MELCOR was used to examine full- and partial-loss-of-pool-coolant accidents in a BWR (Mark I) reference plant when there is no mitigation and building ventilation is lost. Parameters examined included decay heat, radial thermal coupling scheme, the leakage hole size (small, medium, and large), and an open (i.e., blowout panel removed) versus a closed reactor building. The effect of hydrogen combustion was investigated for the partial-loss-of-pool-coolant cases. Radioactive material releases from the stored fuel were estimated.
Evaluation of a PWR Spent Fuel Pool Accident Response to Loss-of-Coolant Inventory Scenarios Using MELCOR 1.8.5
K.C. Wagner and R.O. Gauntt, SANDIA Letter Report, Revision 4, Completed June 2008; 156 pages.
MELCOR was used to simulate complete- and partial-loss-of-coolant accidents in a PWR spent fuel pool.

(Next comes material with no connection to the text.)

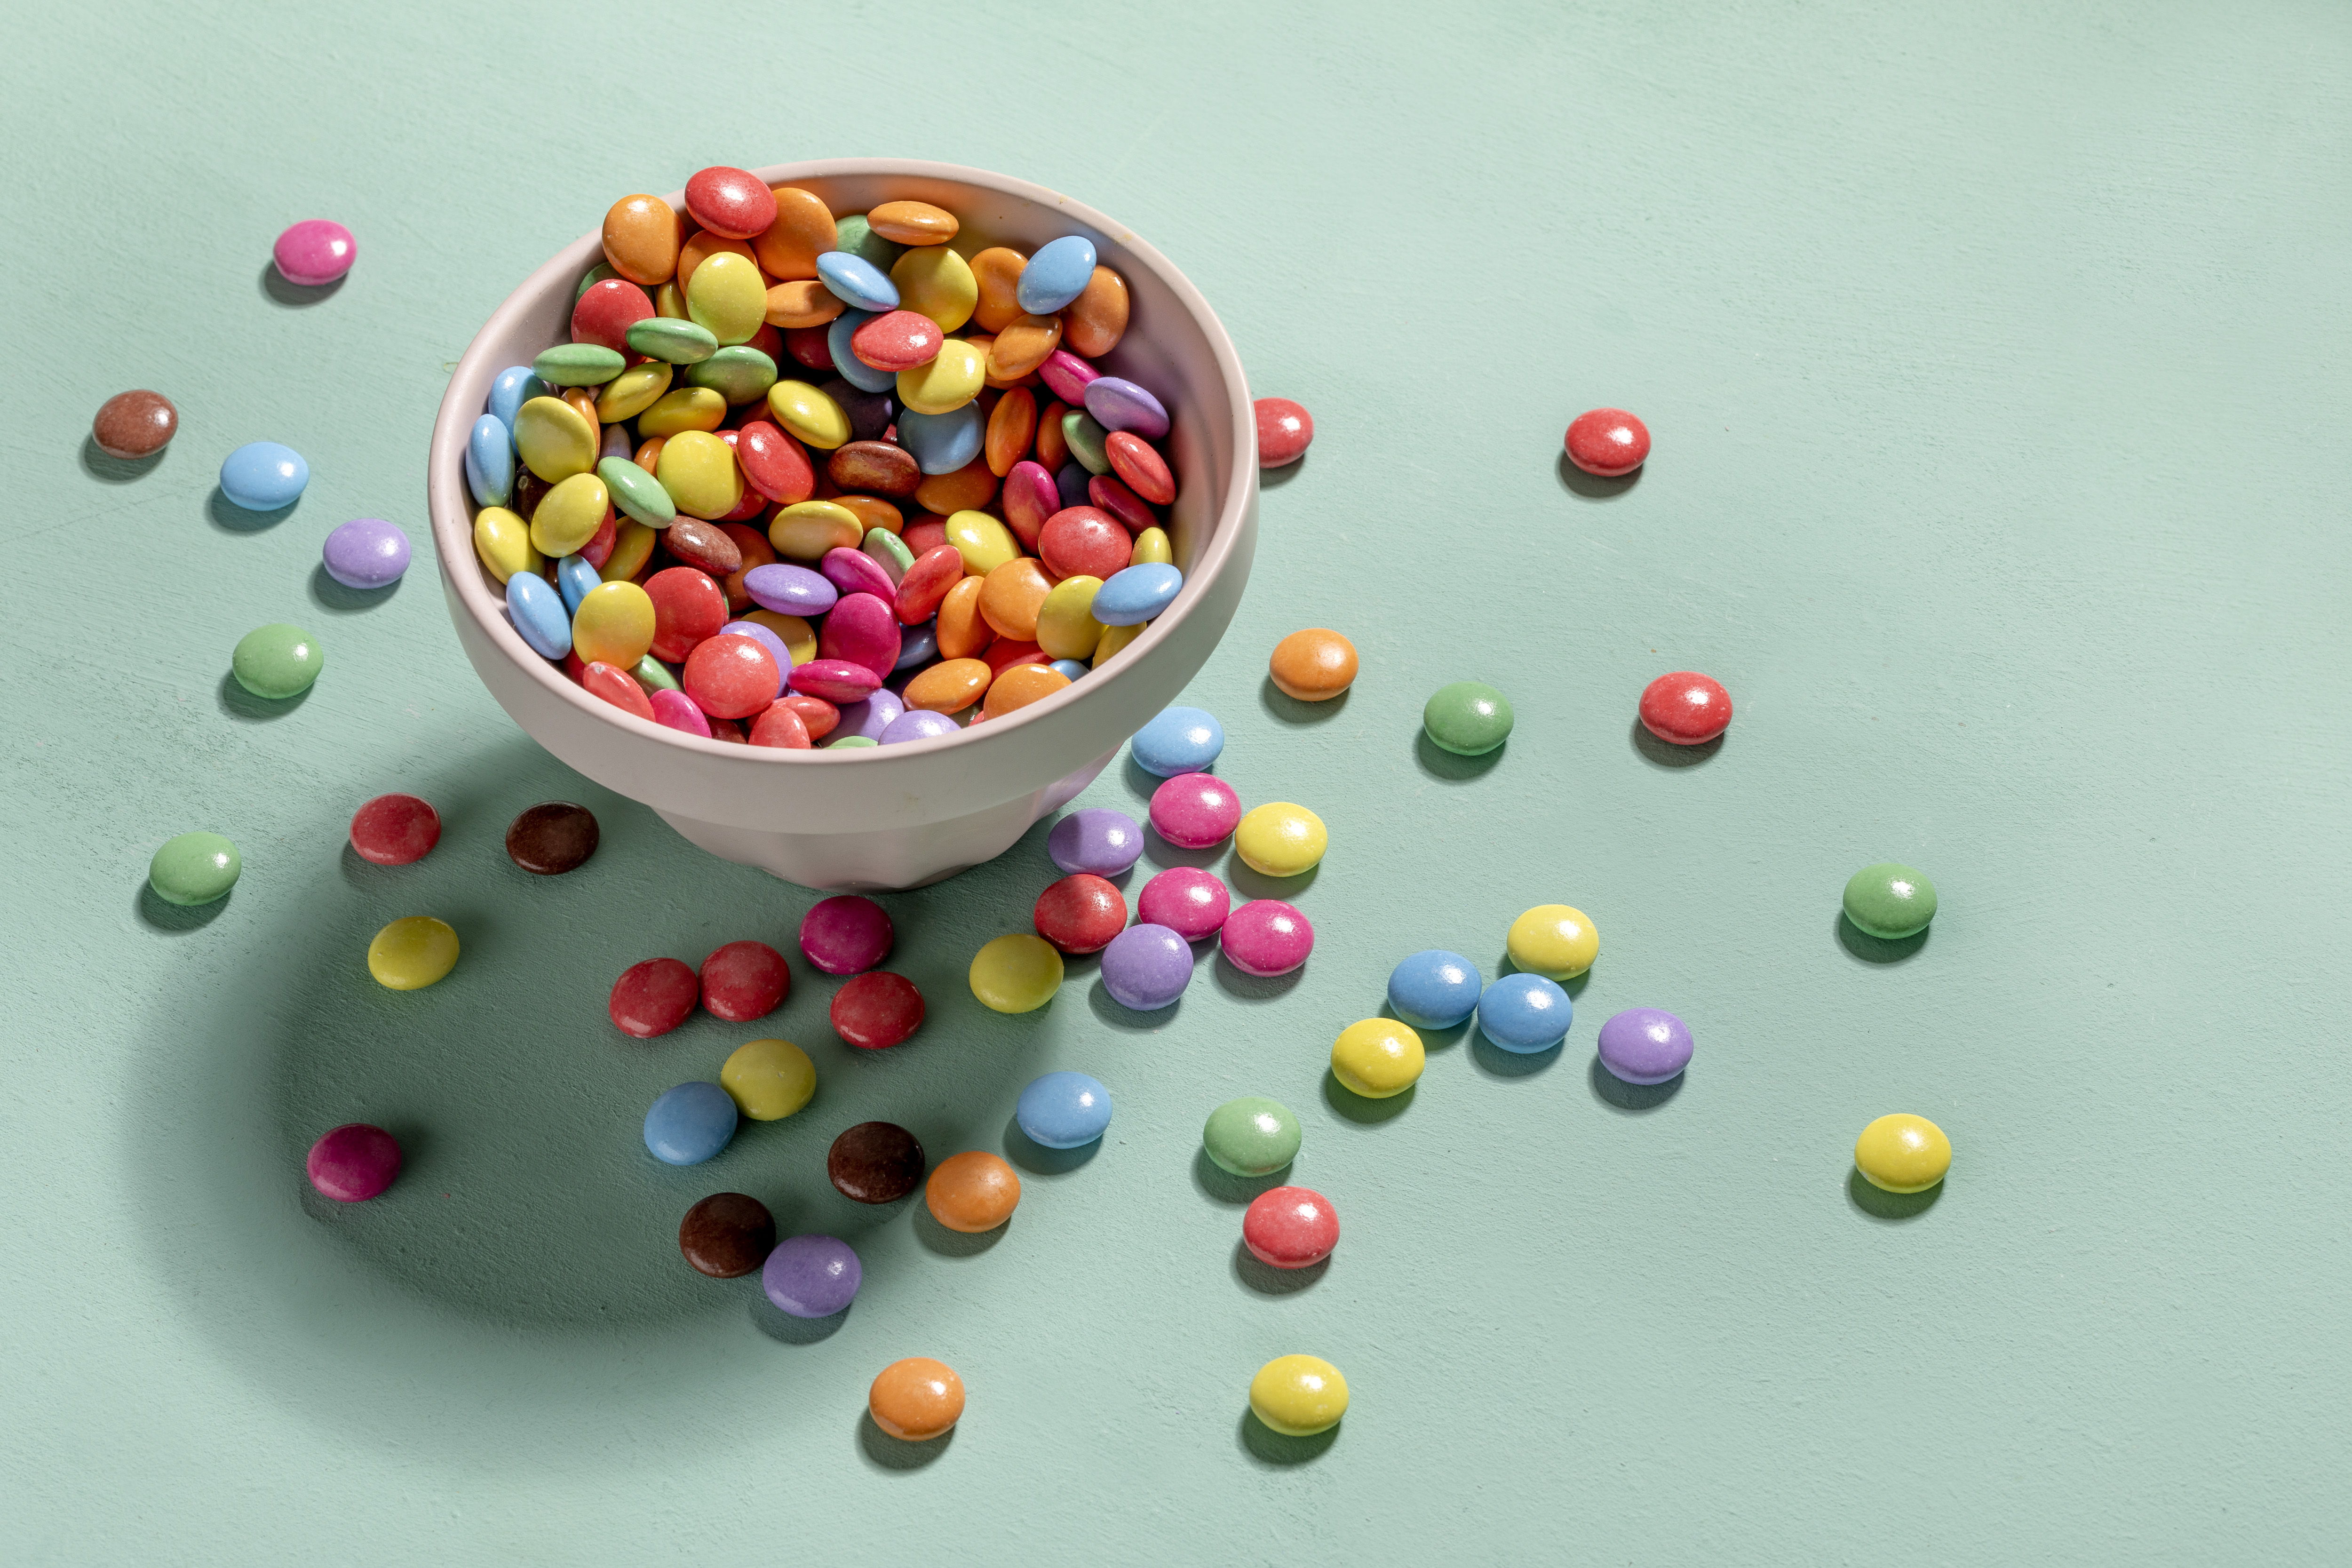 EXBERRY® colors can deliver bright colors in applications including confectionery (Image credit: GNT)

For complete loss of coolant, the peak cladding temperature history depends on radial thermal coupling scheme, fuel age, building ventilation rate, and flow resistance of the fuel assemblies. The effect of leak size, crushing of fuel, rod ballooning, and reduced radial thermal coupling were examined through sensitivity calculations. A few simulations were used to compute the magnitude of fission product releases outside the spent fuel pool building.
MELCOR 1.8.5 Separate Effects Analyses of PWR Spent Fuel Pool Assembly Accident Response
K.C. Wagner and R.O. Gauntt, SANDIA Letter Report, Revision 4, Completed June 2008; 100 pages, +100 pages for part 2.

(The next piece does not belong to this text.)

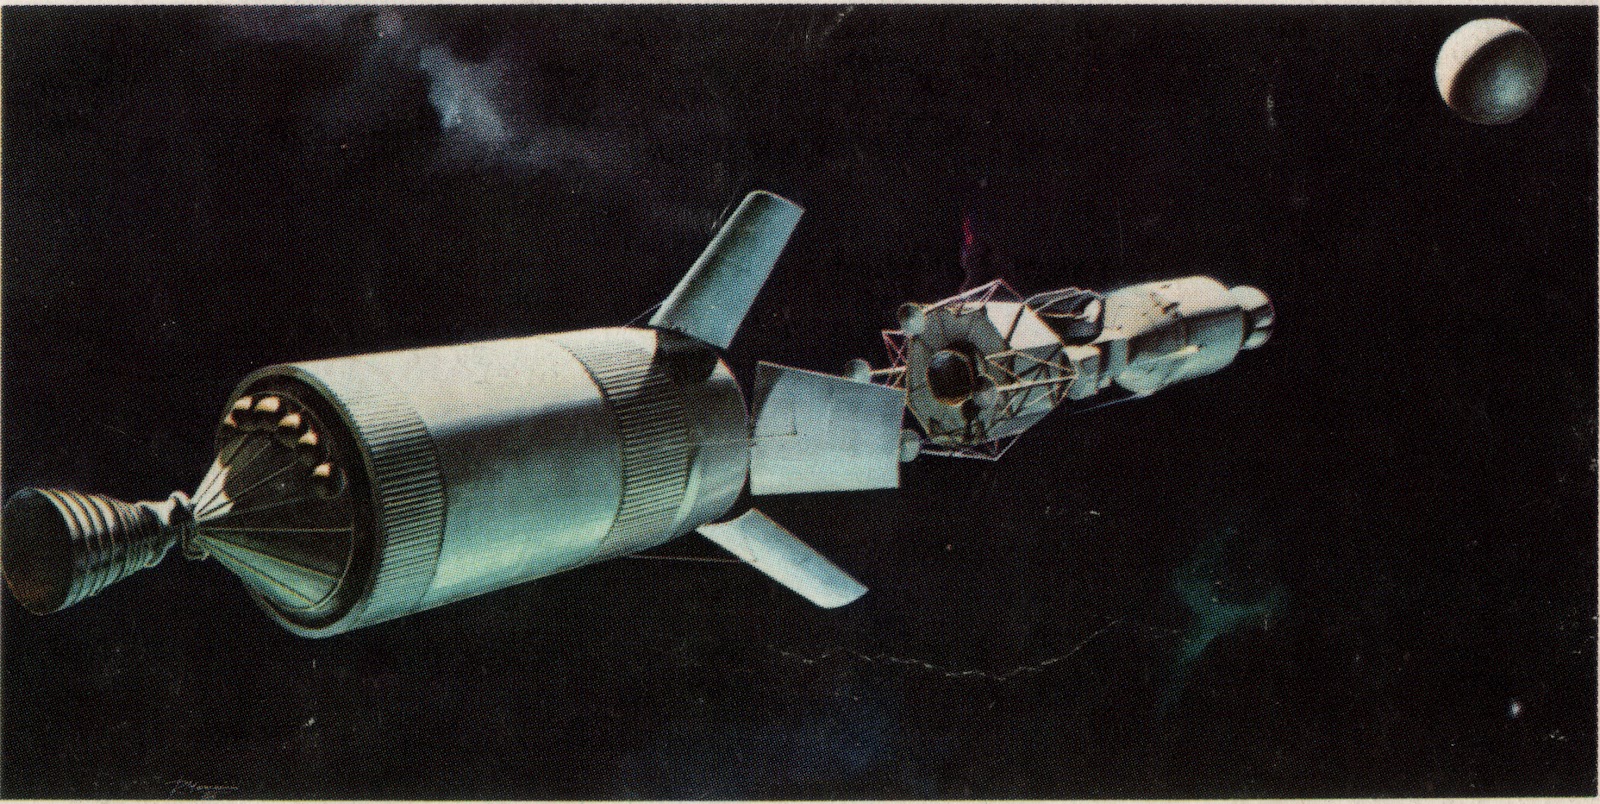 Apollo Spacecraft Separation Niy Minutes Later The

MELCOR was used to examine the effects of varying the following parameters on peak cladding temperatures within fuel assemblies of a single PWR spent fuel pool: decay heat, gas speed and temperature, oxide-layer thickness, flow resistance, rod ballooning, oxidation kinetics, rack configuration, and water level. For multiple fuel assemblies, the effects of fuel dispersion, including 1 × 4 and checkerboard (see Figure 7.2 in Chapter 7), and the location of empty cells were examined. For full pools, the effects of drain-down time on peak cladding temperature history were also examined. The effect of each of these parameters on the peak cladding temperature
history was ranked in order of impact. The minimum fuel age required to prevent ignition was determined for each fuel configuration.
Investigations of Zirconium Fires during Spent Fuel Pool LOCAs: PWR Assemblies
Division of System Analysis, Office of Nuclear Regulatory Research, U.S. Nuclear Regulatory Commission; June 24, 2013; presentation to committee; 23 pages.
This presentation covered the results of Sandia experiments on PWR bundles. Testing used prototypic assemblies to measure hydraulic resistance to air flow to calibrate the MELCOR model used to model air cooling of fully drained pools. Internal electrical heating was used to simulate decay heat with low power and tests were carried out to determine fuel bundle temperatures and air-flow rates as a function of time prior to ignition. Tests were carried out at higher power levels that resulted in ignition. Measurements were made of flow rate, peak cladding temperatures, oxygen concentration in the exit flow, and time to ignition. Tests were carried out to simulate both the 1 × 4 and uniform loading arrangements that are used for spent fuel in pools. MELCOR simulations had been completed for single-assembly tests and were in progress for testing simulating multiple assemblies. Portions of the Sandia work were carried out in the context of an Organisation for Economic Co-operation and Development/Nuclear Energy Agency (NEA) Sandia Fuel Project and some of the results are now available publicly in NEA (2015).